# Shoutbox



## Annett (13. Feb. 2008)

Hallo zusammen.

Dem einen oder anderen ist es vielleicht schon aufgefallen.
Unsere Shoutbox mag im Moment nicht so wie wir - an der Behebung des Problems wird gearbeitet. 
Es könnte aber einige Zeit dauern, leider.  


Wir hoffen auf Euer Verständnis.


----------



## Dr.J (14. Feb. 2008)

*AW: Shoutbox*

Hallo zusammen,

auch die Geburtstagsliste im Portal hat wohl was abbekommen. Erste Untersuchungen haben ergeben, dass es vermutlich an einer zentralen Funktion im VB liegt. 

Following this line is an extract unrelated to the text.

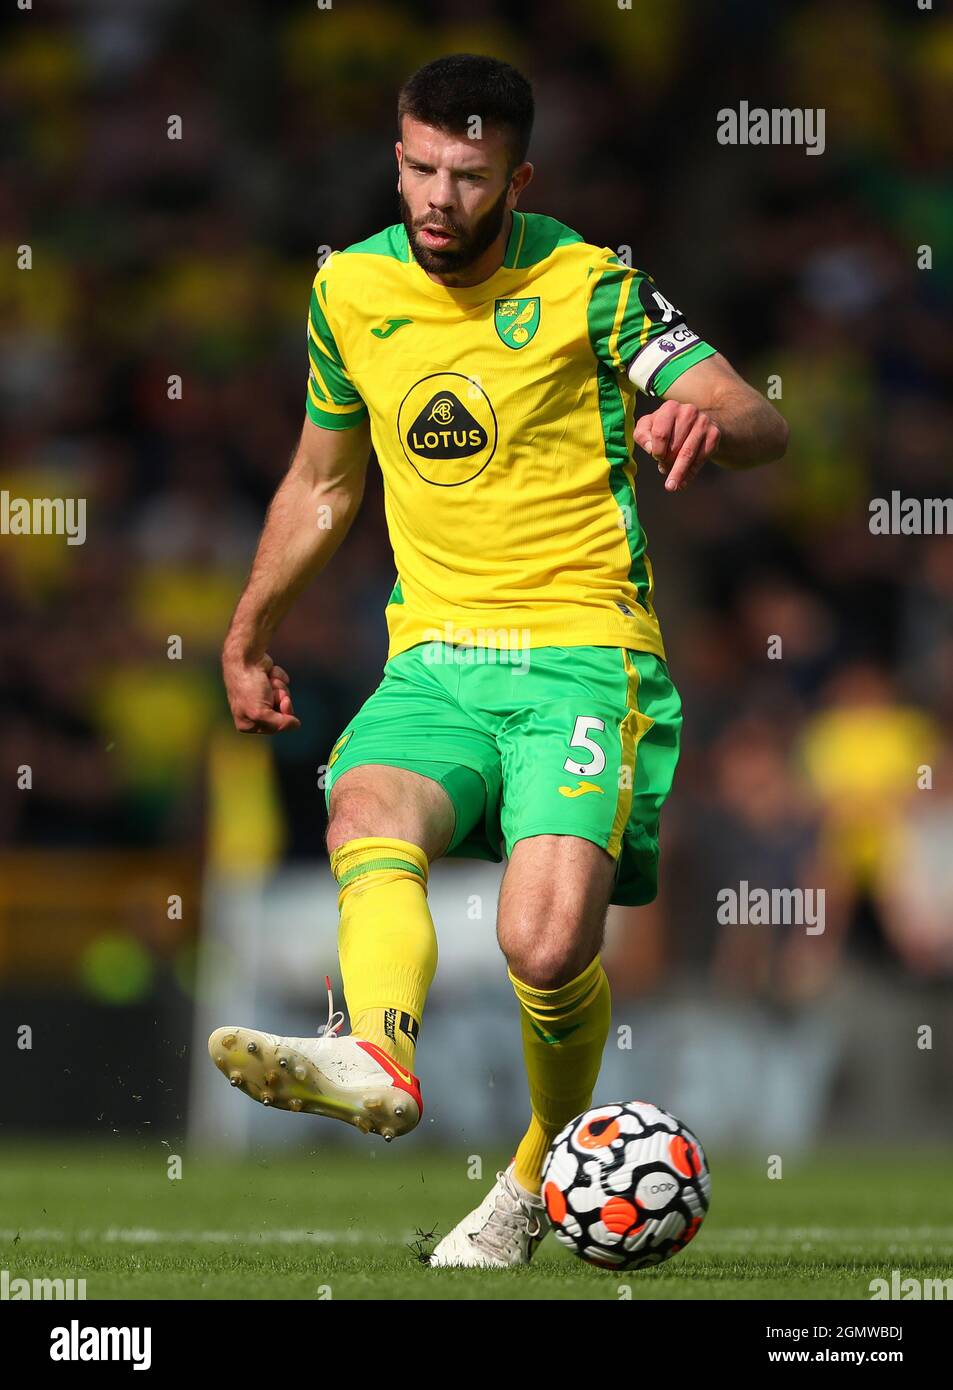 Grant Hanley of Norwich City - Norwich City v Watford, Premier League, Carrow Road, Norwich, UK - 18th September 2021  Editorial Use Only - DataCo restrictions apply Stock Photo

Wir arbeiten mit Hochdruck daran.

Also habt bitte etwas Geduld.


----------



## Digicat (14. Feb. 2008)

*AW: Shoutbox und Geburtstagsliste*

Servus Annett & Jürgen

Mir ist gestern am Abend aufgefallen, daß das Forum immer wieder für ein paar Minuten nicht erreichbar war  . Wenn mal dann einmal drinnen war, wurden manchmal keine Bilder in den Beiträgen angezeigt und auch die Shoutbox war auf "wird geladen". Vielleicht gibts da einen Zusammenhang.

Zu diesem Zeitpunkt waren ca. 36 User angemeldet und fast genauso viele Gäste. 

Wollte das nur anmerken, als Hilfestellung.


----------



## Dr.J (14. Feb. 2008)

*AW: Shoutbox und Geburtstagsliste*

Hallo Helmut,

kannst du mir die ungefähre Uhrzeit nennen, dann kann ich im Serverlog die Stelle leichter finden.


----------



## Digicat (14. Feb. 2008)

*AW: Shoutbox und Geburtstagsliste*

War so gegen 20:00 +- eine halbe Stunde


----------



## Annett (14. Feb. 2008)

*AW: Shoutbox und Geburtstagsliste*

Hallo Helmut.

Ich glaube um genau diese Uhrzeit hat Joachim gestern den Server neu gestartet... allerdings kann ich nicht sagen, wie oft er dies getan hat.


----------



## Joachim (14. Feb. 2008)

*AW: Shoutbox und Geburtstagsliste*

Aber Joachim kanns sagen ...  

Der Serverneustart war deutlich vor 20.00 gestern im Anschluss wurden ein paar Wartungsfunktionen ausgeführt, welche die von Helmut genannten Auswirkungen gehabt haben könnten - allerdings war das Forum durchweg (außer 3min wärend des Neustarts) erreichbar (bei mir und sicher allen Chattern). 

Wir arbeiten dran ... :beeten


----------



## Koi-Uwe (14. Feb. 2008)

*AW: Shoutbox und Geburtstagsliste*

Nu macht euch mal keinen Stress, so wichtig ist die Box und Geburtstagsliste nun auch nicht.


Gruss
Uwe


----------



## Digicat (14. Feb. 2008)

*AW: Shoutbox und Geburtstagsliste*

Servus Joachim

Dann muß ich genau zu diesem Zeitpunkt, wo du "Neu durchgestartet" bist, die Seite aufgerufen haben.


			
				Jürgen schrieb:
			
		

> kannst du mir die ungefähre Uhrzeit nennen, dann kann ich im Serverlog die Stelle leichter finden.


 War nur so eine "Ca." Angabe.

Ich hoffe das ich mit meiner Beobachtung helfen konnte, wegen der Shoutbox und der Geburtstagsliste.


----------